Plaintiffs claim these amounts for each year of their employment, even those years for which the statute of limitations may have run, arguing that the limitations period should be tolled because defendant failed to post notices of the overtime payment scheme. I agree with plaintiffs that the limitations period was tolled. See, infra, at 478-479.
In addition, plaintiffs claim an entitlement to 25% of their damages claims under the WPCL. Thus, plaintiffs’ claims increase to at least $11,-720 to $43,749 per year for the entire terms of their employment up to July 9, 1990, the date on which the Pennsylvania General Assembly passed a Motor Carrier exception to the PMWA. See, infra, at 477-478.
Without an individual examination of each plaintiff’s claims, for which the parties have not provided sufficient information, these estimates are the best available to the court.

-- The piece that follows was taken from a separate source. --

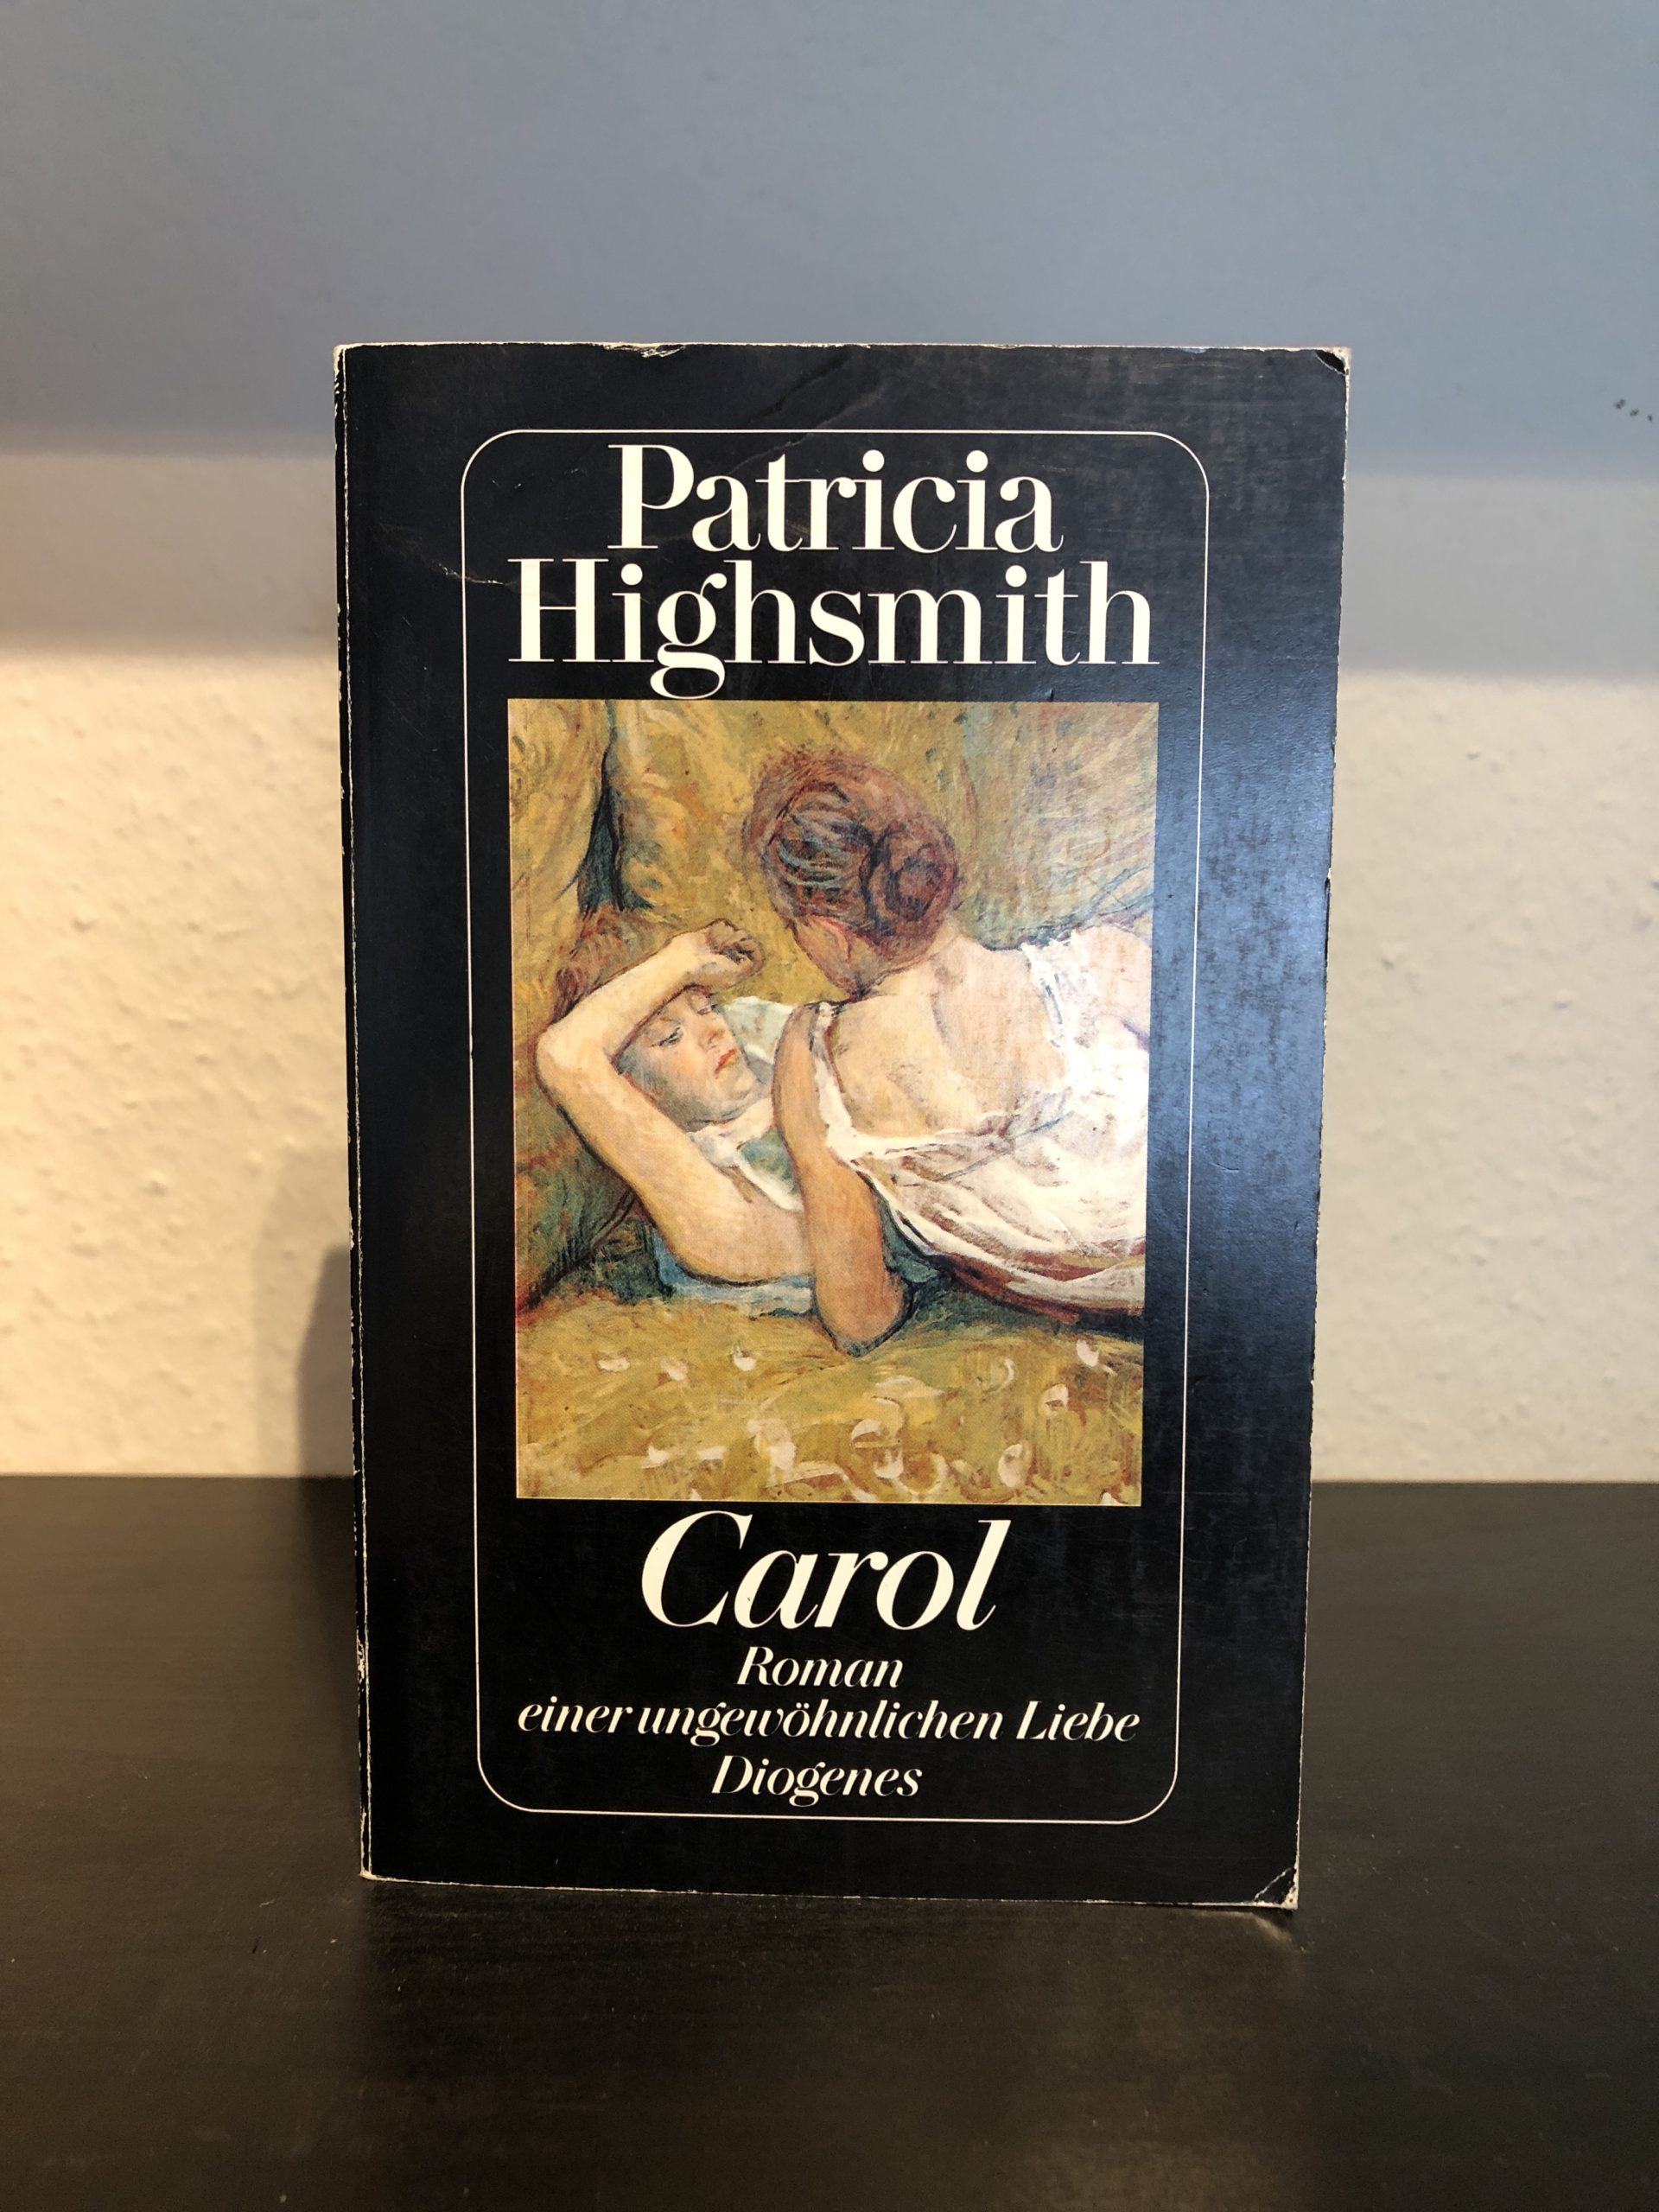 Carol - Roman einer ungewöhnlichen Liebe - Patricia Highsmith main image

Based on them, I find that each plaintiff has claimed an amount in excess of $50,000.
. As plaintiff points out, the Industrial Board knew how to use the word "salary” when it adopted § 231. See, 34 Pa.Code §§ 231.82-84. Yet, it did not use that word in § 231.43(b).

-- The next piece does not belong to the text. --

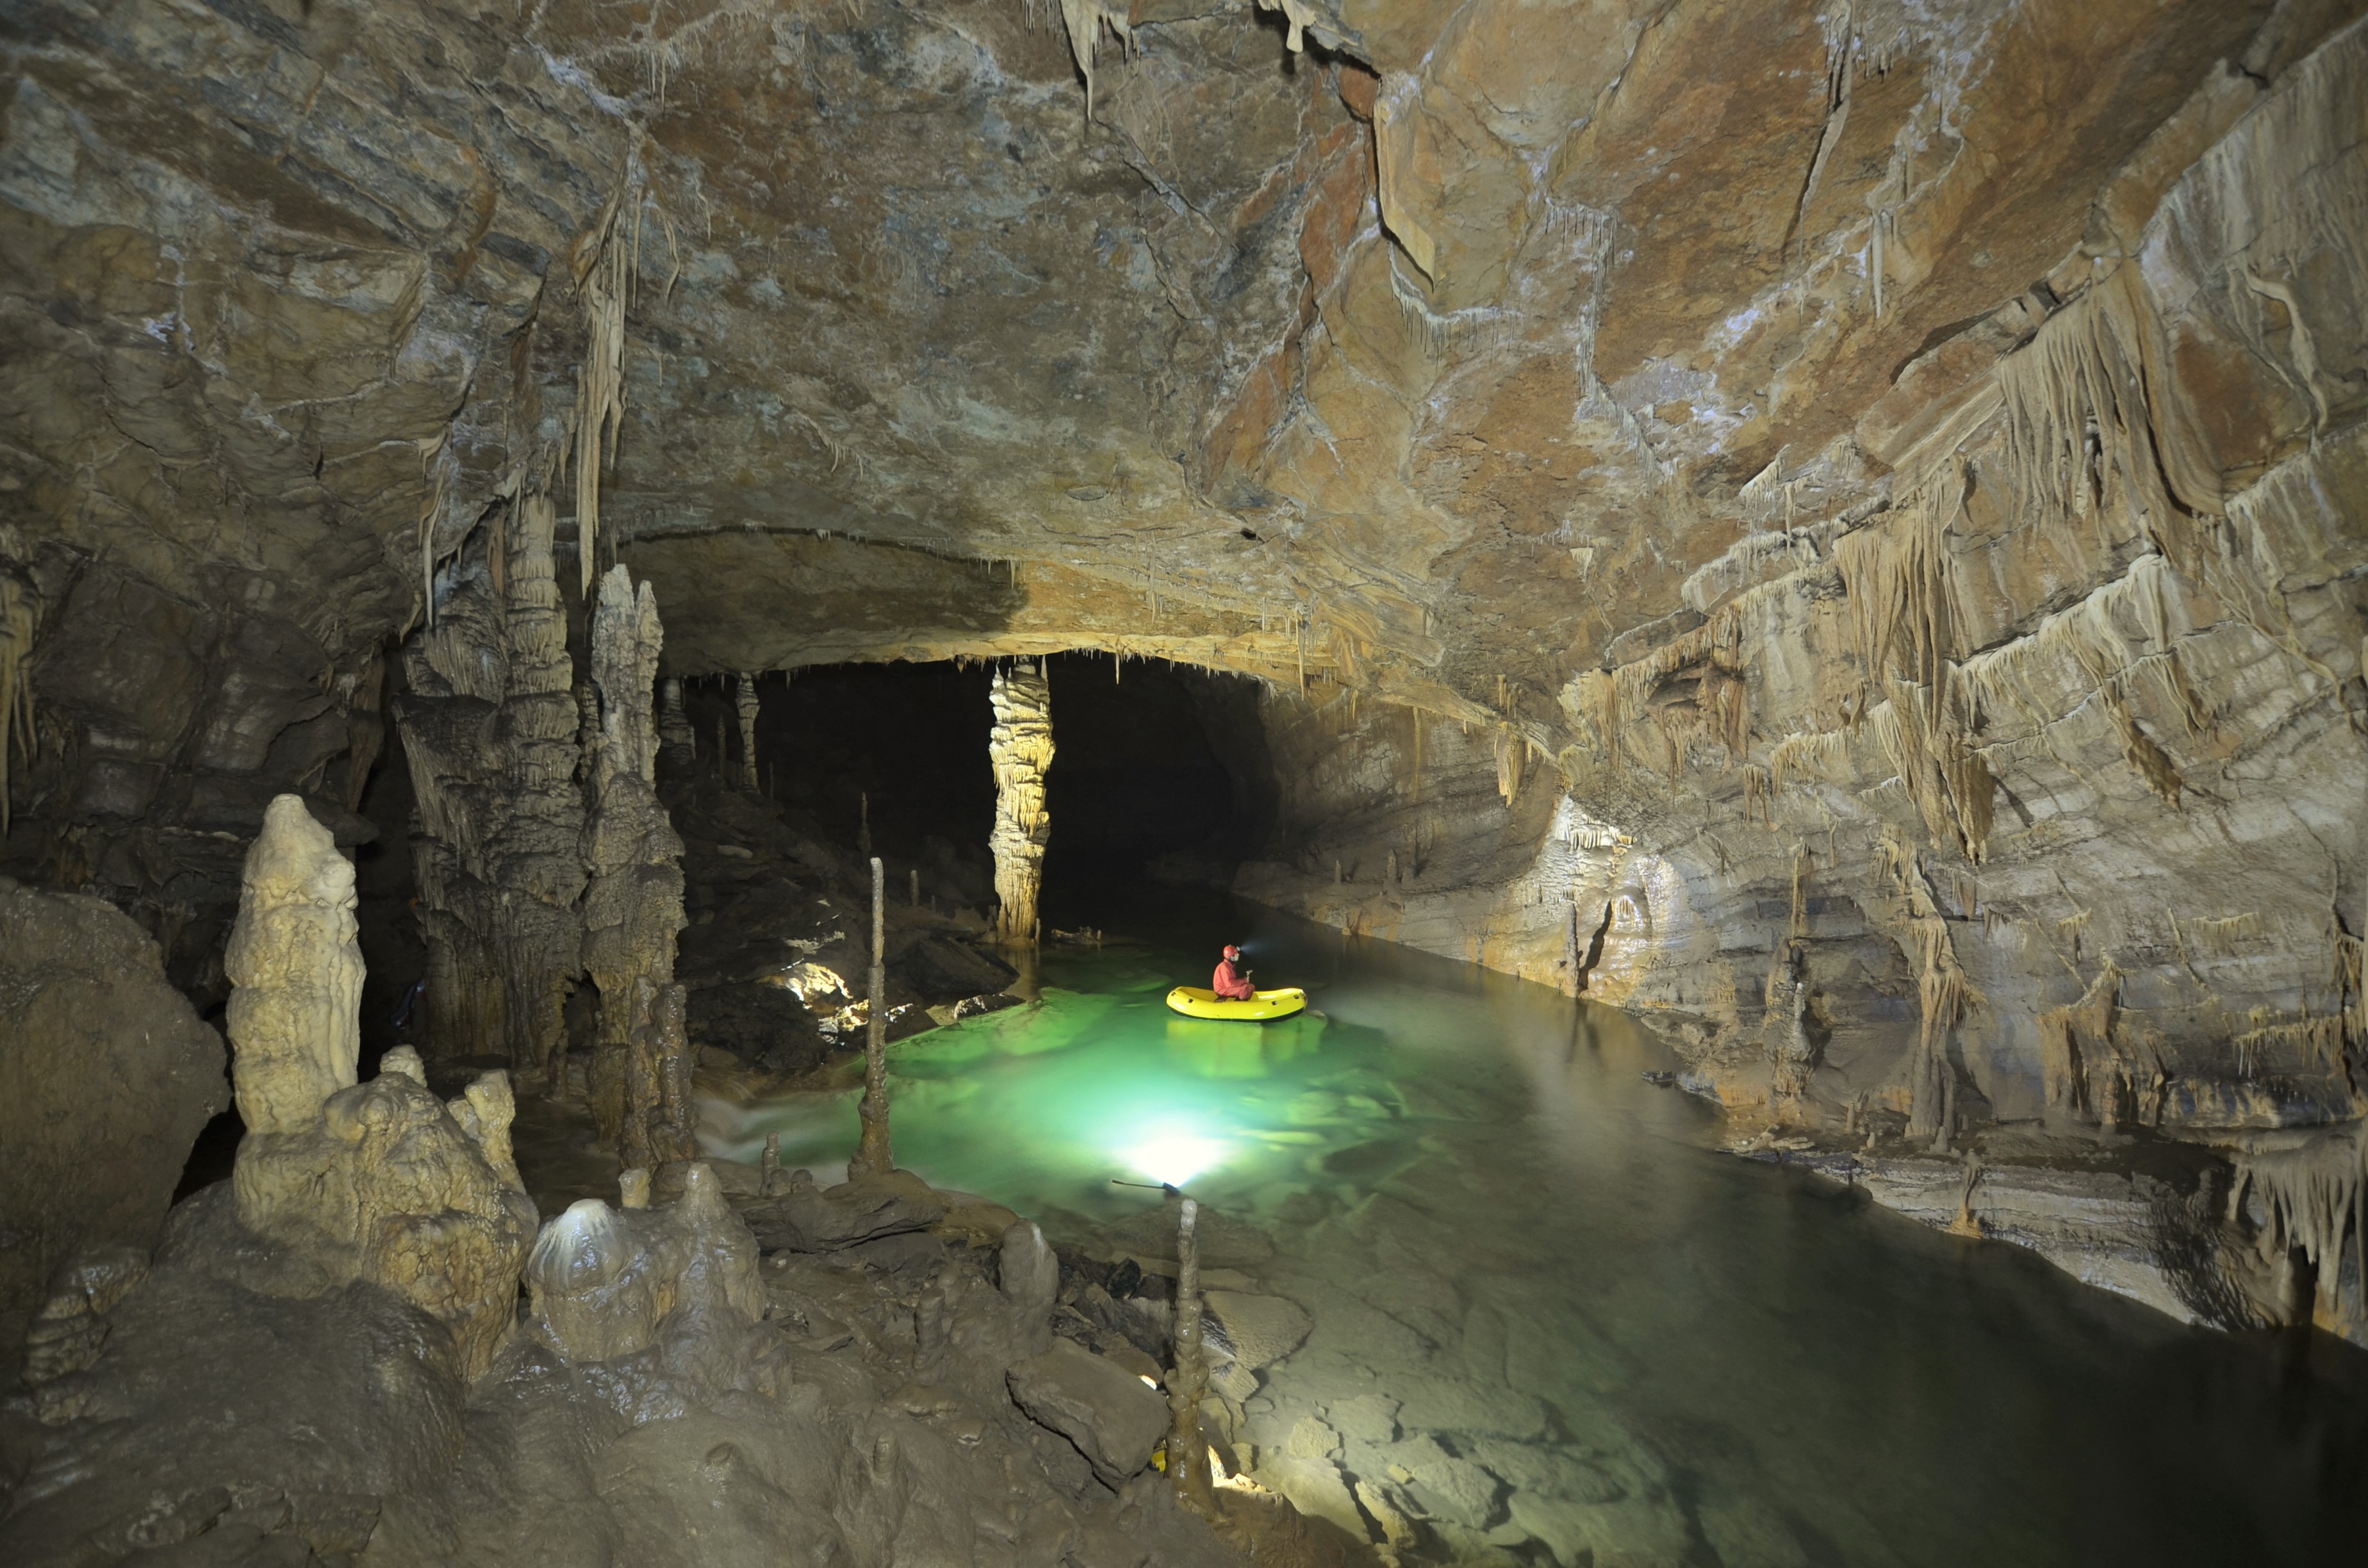 Križna jama - The Križna jama cave, Slovenia

. In 1950, the exact language now embodied in § 778.112 existed as 29 C.F.R. § 778.3(b)(3), and the computation method described in current § 778.114 was set out in 29 C.F.R. § 778.3(b)(5). Section 778.114(a) was put into its present form in 1968. See, 33 Fed.Reg. 986.
. A petition for allowance of appeal in Sanders is currently pending before the Pennsylvania Supreme Court.
. The
Sanders
court cited
Miller v. Johnstown Traction Co., 167
Pa.Super. 421, 428,
. That statute provides; "No ... legal action shall be instituted ... for the collection of unpaid wages ... more than three years after the day on which such wages were due and payable.” 43 P.S. § 26'0.9a(g).
. 43 P.S. § 333.108 provides: "[e]very employer subject to this act shall keep a summary of this act and any regulations issued thereunder applicable to him, posted in a conspicuous place where employes normally pass and can read it.”
. Neither party has submitted to the court any authority on what, specifically, would constitute an “agreement or understanding" under § 231.-43(d), and the court has found none.